O desenho, indispensável para a representação das formas, é também uma


ferramenta fundamental para a interpretação da realidade. Apesar de ser um elemento
imprescindível para a prática arquitetónica nem sempre terá sido considerado uma
ferramenta essencial para a Antropologia, contudo, tem-se vindo a manifestar uma mais valia
para a análise etnográfica.
Sónia Vespeira de Almeida e José Mapril, antropólogos e professores, no
desenvolvimento de O Gesto do Desenho, induzem o leitor para a importância do desenho
como ferramenta metodológica no desenvolvimento etnográfico. Neste sentido, os autores
realizaram workshops em desenho etnográfico no contexto da Escola de Verão da Faculdade
de Ciências Sociais e Humanas da Universidade Nova de Lisboa.
Para a realização desta atividade foi escolhida a área envolvente do Bairro do Rego, em
Lisboa.
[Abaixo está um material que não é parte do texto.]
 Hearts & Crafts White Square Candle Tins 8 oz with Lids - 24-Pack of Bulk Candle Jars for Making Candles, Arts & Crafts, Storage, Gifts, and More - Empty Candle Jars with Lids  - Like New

Esta escolha deveu-se essencialmente à proximidade geográfica com a faculdade de
onde provinham os alunos, à especificidade urbana do bairro e à existência do Mercado do
Bairro de Santos que fora um ponto de observação fulcral.
O Bairro do Rego, em tempos terá sido uma zona de fixação de população, porém,
em consequência do crescimento populacional, transformou-se progressivamente numa
zona de imobilidade populacional. A sua população ter-se-á vindo a alterar até aos dias de
hoje e, onde inicialmente este era um bairro ocupado por um povo operário, nos dias que
correm é composto sobretudo por classes médias.
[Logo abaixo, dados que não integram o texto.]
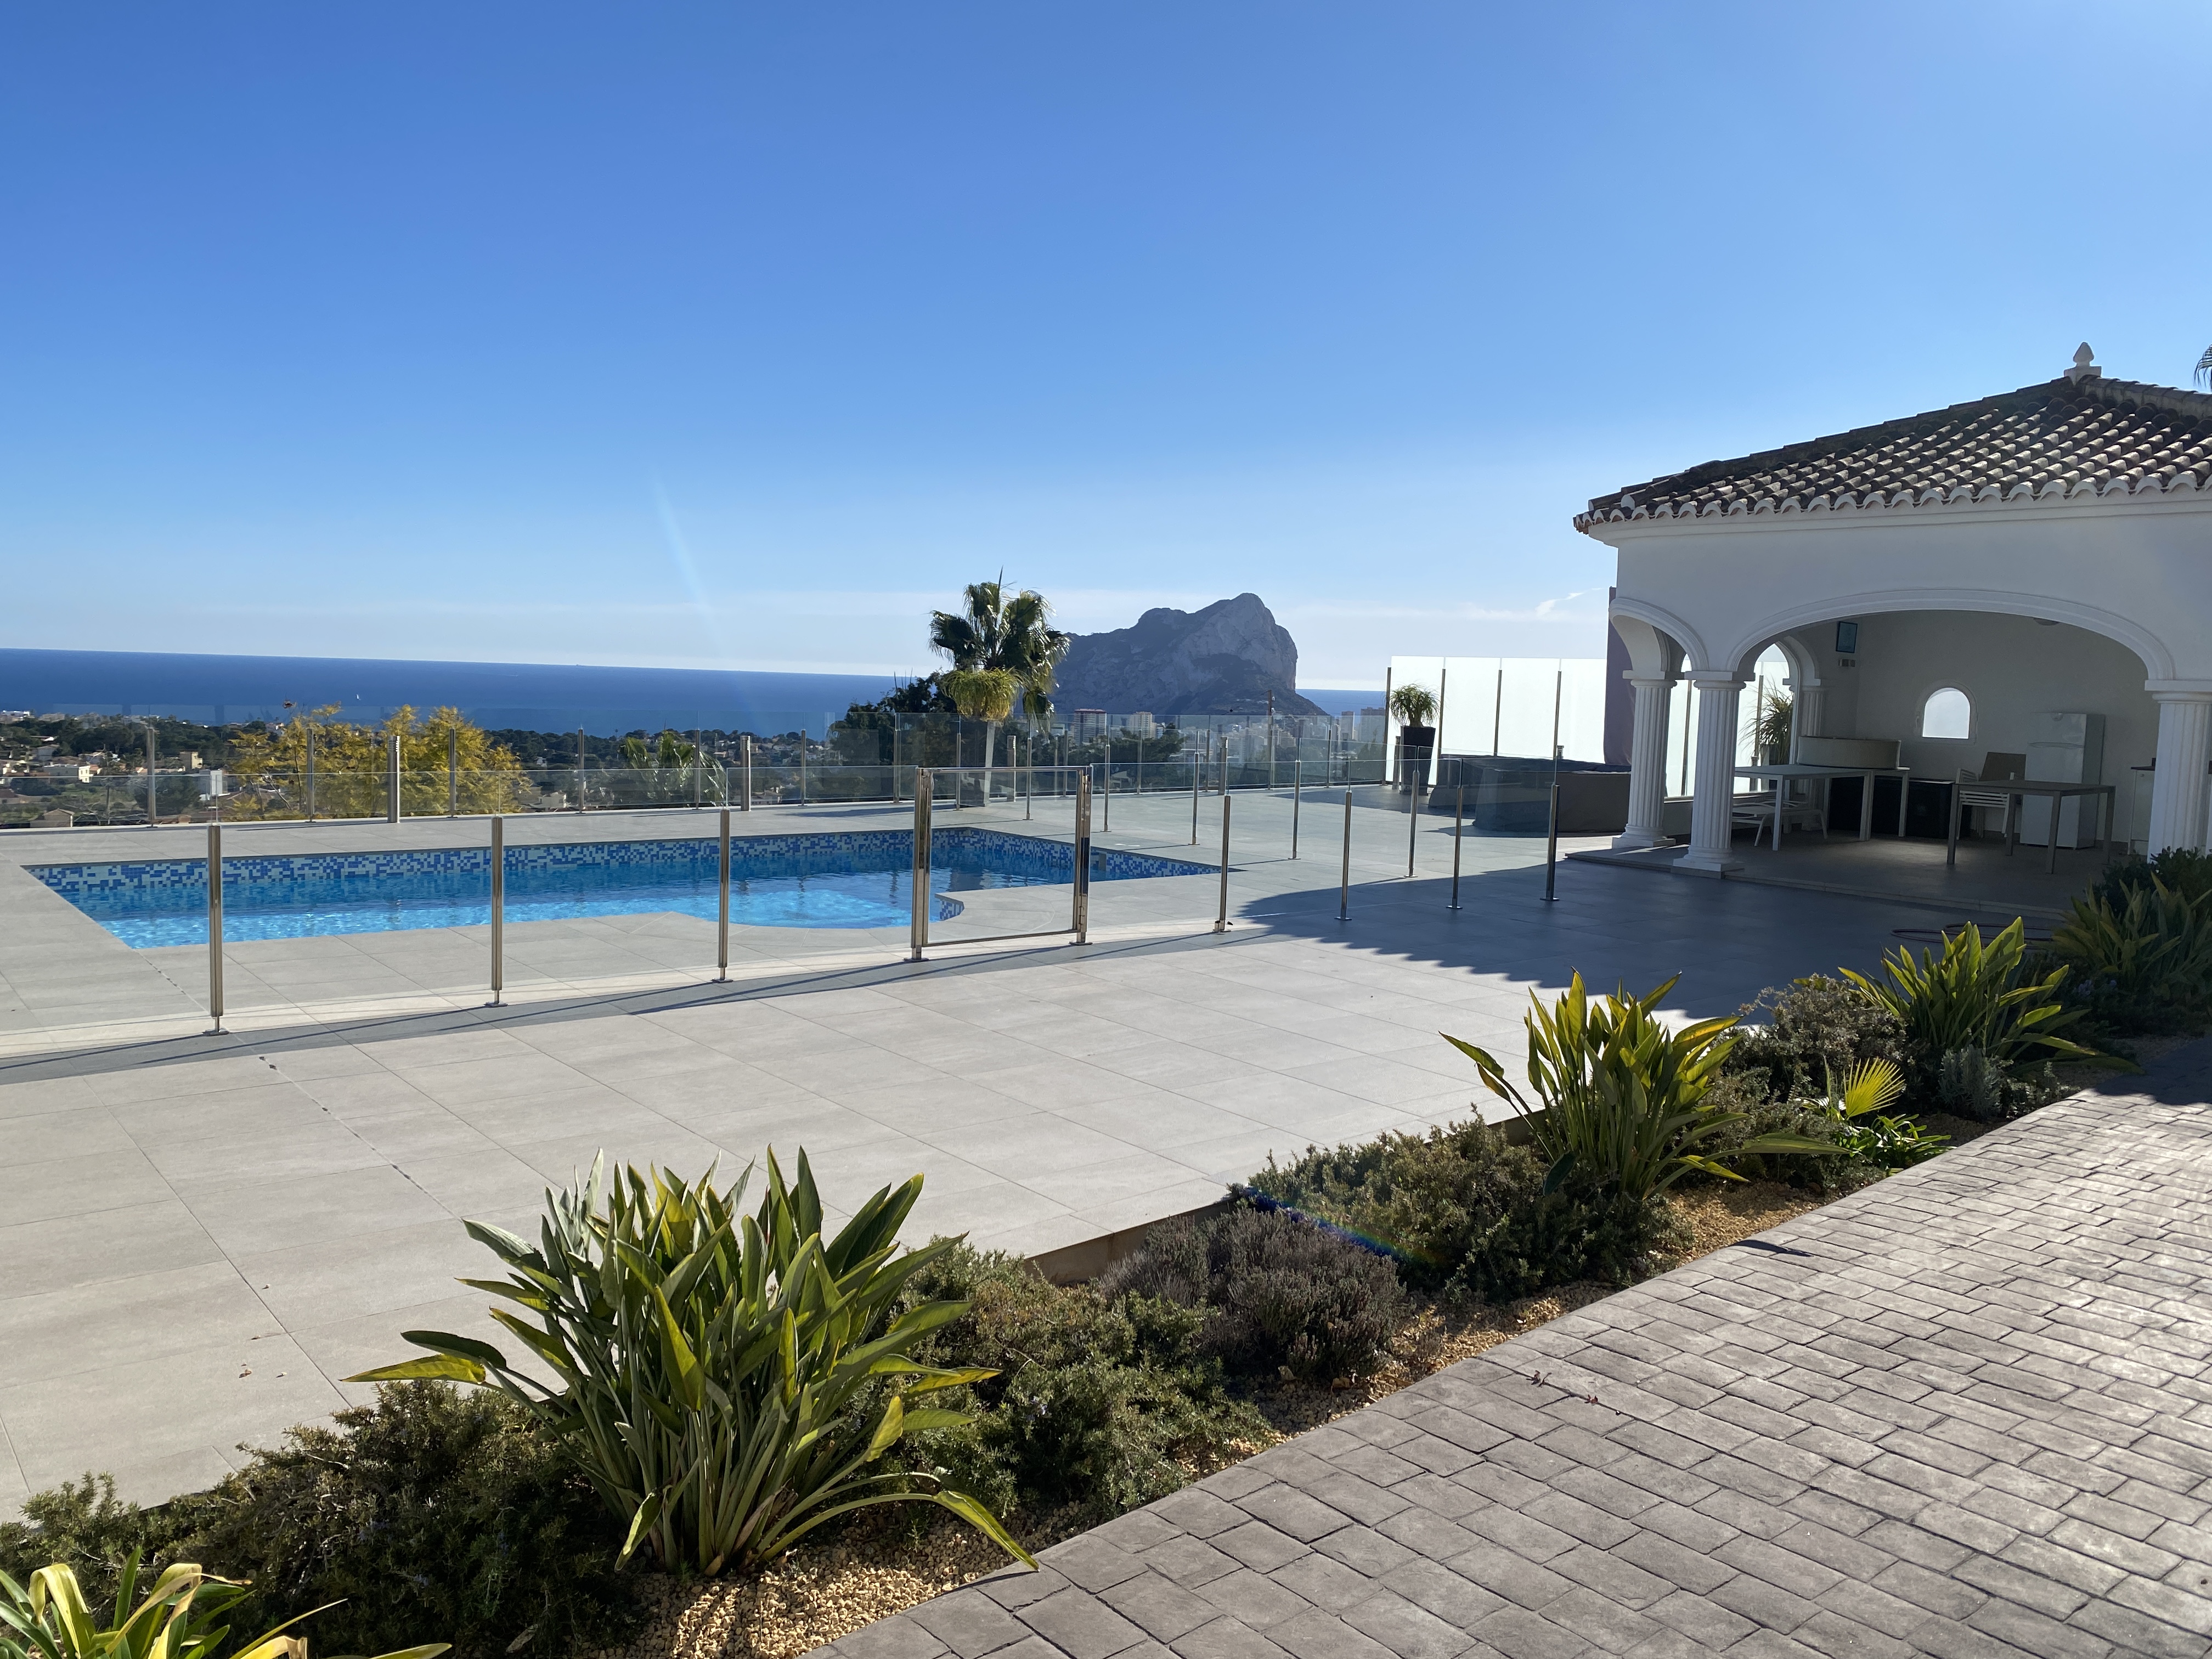 Villa for sale with panoramic sea views between Moraira and Calpe

Para a realização deste exercício, optou-se pela procura de temáticas que permitissem uma
articulação coerente do desenho com problemáticas da antropologia contemporânea. Deste
modo, foi essencial pensar sobre a relação do mercado com o bairro e paralelamente com o
resto da cidade. Destacaram-se assim alguns temas que revelaram ser úteis para a reflexão do
desenho etnográfico: A natureza do bairro como elemento periférico da cidade e o défice de
transportes para o centro da cidade; a dinâmica do bairro em consequência ao impacto do
programa de realojamento; os processos de gentrificação em alguns pontos e as medidas
tomadas nesse sentido e, por fim, as consequências para a dinâmica do lugar perante a
deslocalização de algumas empresas e serviços.
A visita ao Mercado do Bairro de Santos foi essencial para esclarecer alguns destes aspetos.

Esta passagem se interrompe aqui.